Last year, we saw what Jenkins could do with his unique brand of physicality and coverage ability. This year, we are seeing what that combination of skills can bring to a defense when complemented by a partner who has the range and instincts to cover the field in front of him and the field behind him at the same time.

It is not a coincidence that Thurmond has been getting his hands on more balls than any other player in the secondary since the start of training camp.

The Eagles' scheme asks him to be more of a rover than a true single-high centerfielder, which plays perfectly to Thurmond's strengths and which fits his strengths. A track star in high school, he ran the 110- and 50-meter hurdles at Oregon, and twice qualified for the Pac-10 championships.

He had a scholarship offer to play at Idaho State, but that would have meant living in Idaho, so he settled on playing cornerback at Oregon and pestering then-offensive coordinator Chip Kelly for a chance to play wide receiver. That request went unfulfilled, but he finished his career with the Ducks with five return touchdowns via three interceptions, a fumble and a punt.

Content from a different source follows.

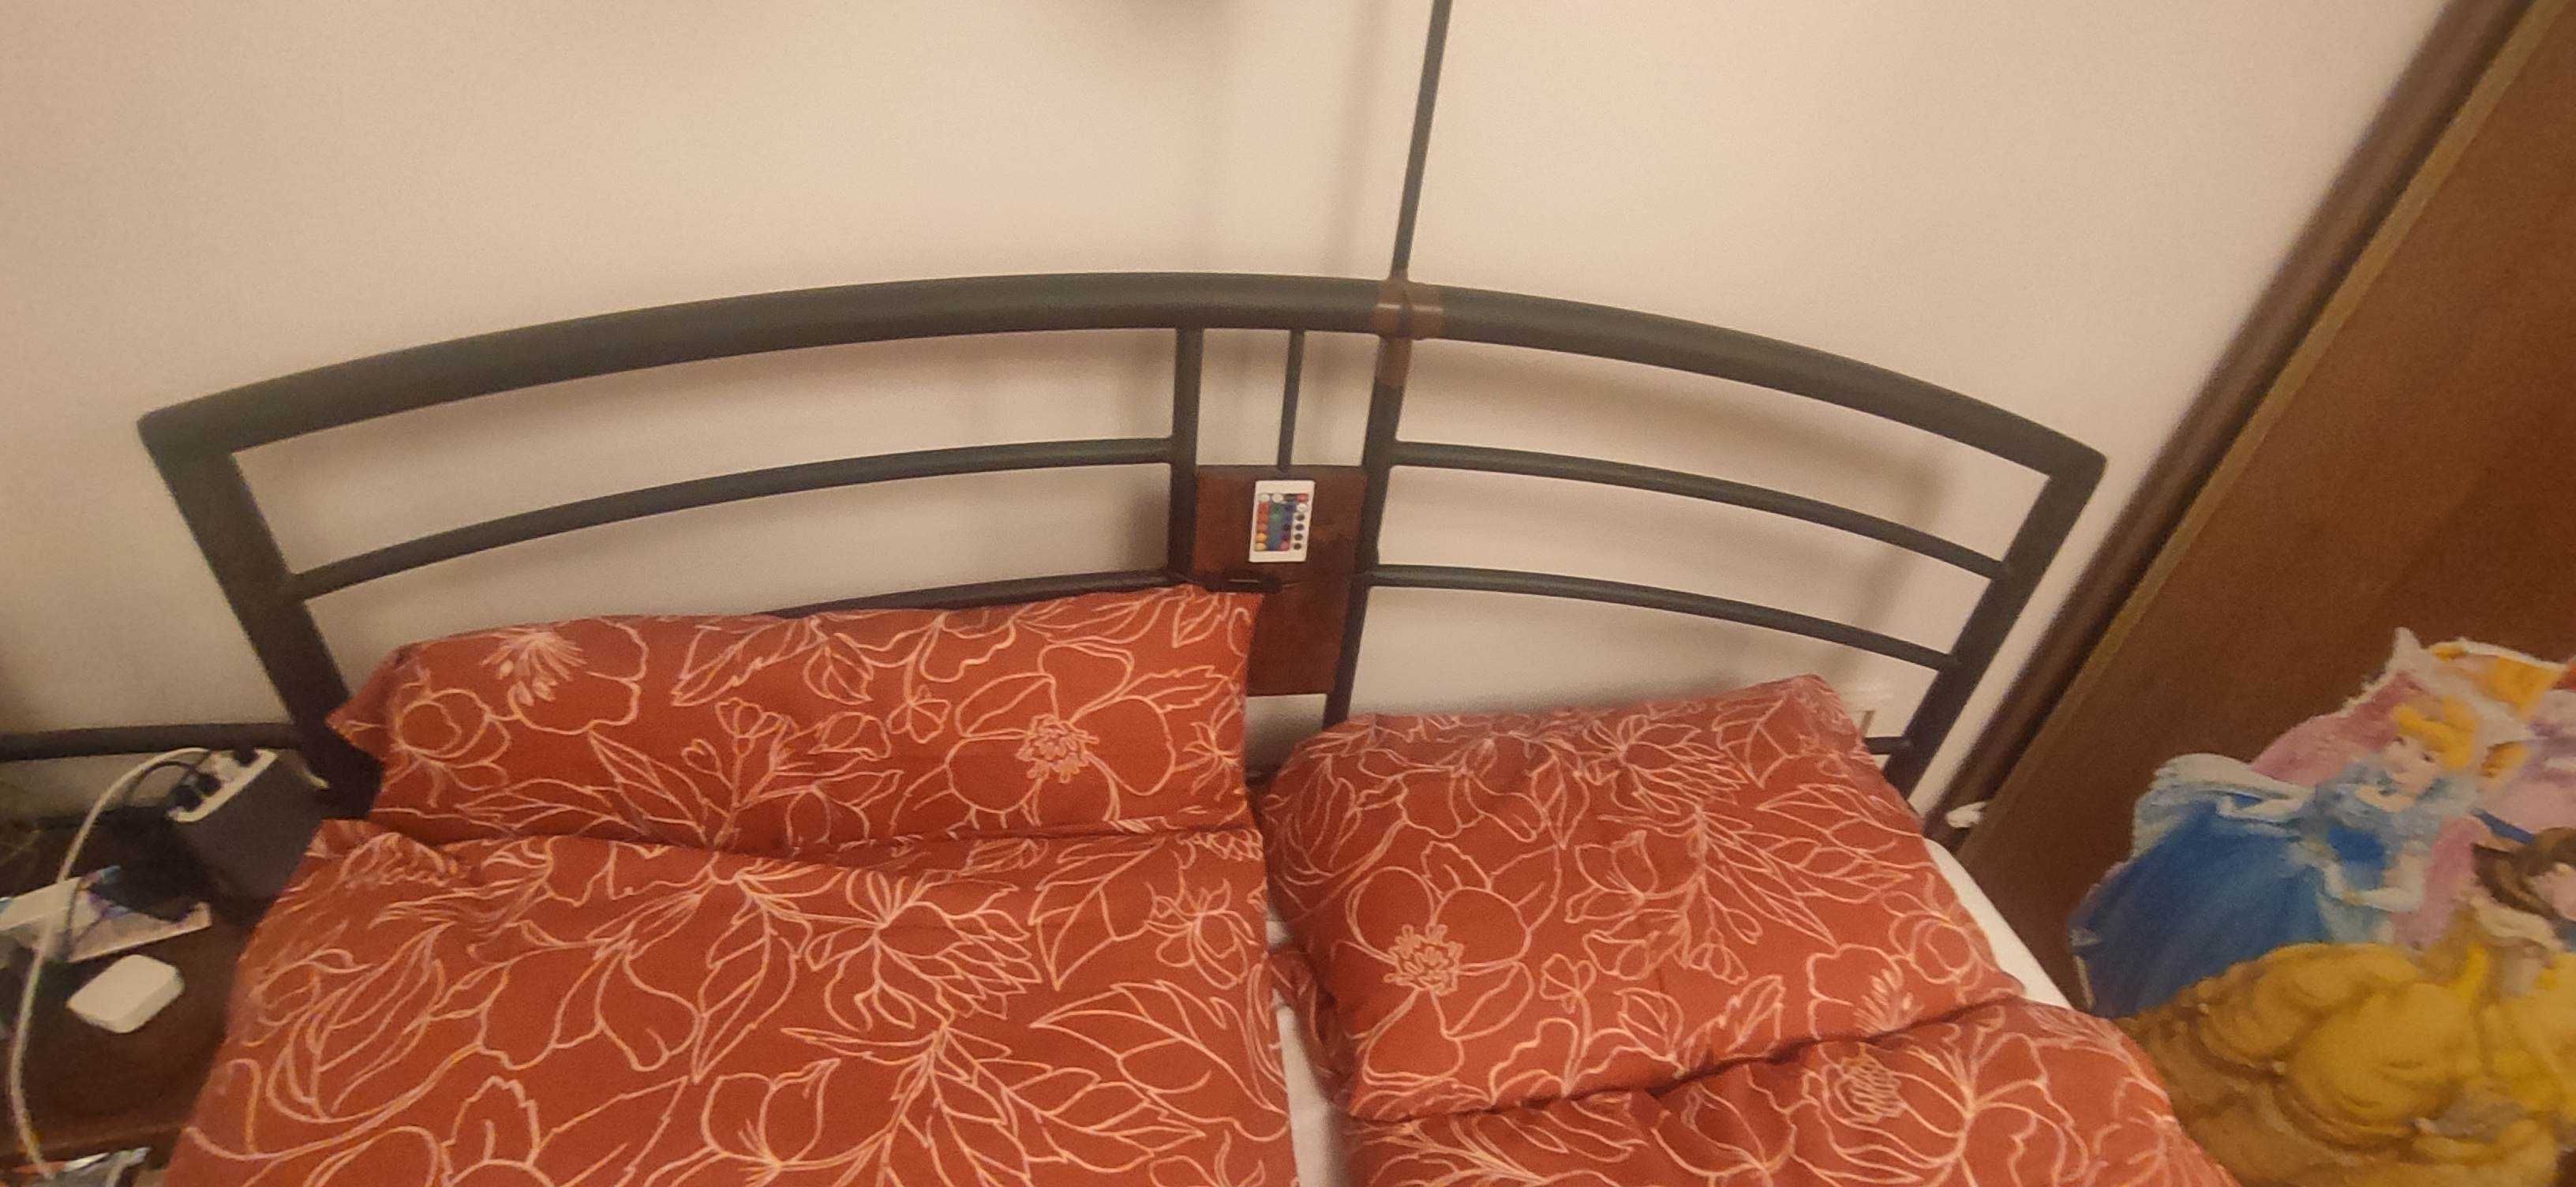 Łóżko metalowe z materacem 160 cm X200 cm Rybnik

"In the middle of the field, there are some coverages where I'm a free roamer, a free player. Personally, I love that, because it allows me to use my instincts and really use the knowledge that I've gained throughout the week as far as understanding route recognition and concepts to be able to go out there and make plays and be around the ball," Thurmond said. "I love playing in this defense, especially at safety because it does allow me to be a free player in some of the situations."

Because Thurmond is just as comfortable playing in the slot, defensive coordinator Billy Davis is able to use a variety of coverages to thwart an opponent's passing game.

"They certainly can move around and line up in different places, so you just have to keep an eye on where they are," said Washington quarterback Kirk Cousins, who is preparing to face the duo on Sunday at FedEx Field. "Sometimes they're not trying to throw you off, they're just trying to line up and play, and other times they are trying to keep you guessing. It all depends on play-to-play and what they have called, but certainly, when you're that versatile you can have the freedom to do some different things."

At this point, the biggest question regarding Thurmond is whether he can stay healthy, an objective that has eluded him throughout his career. If he can, the Eagles should be able to relegate one critical worry to a ghost of defenses past.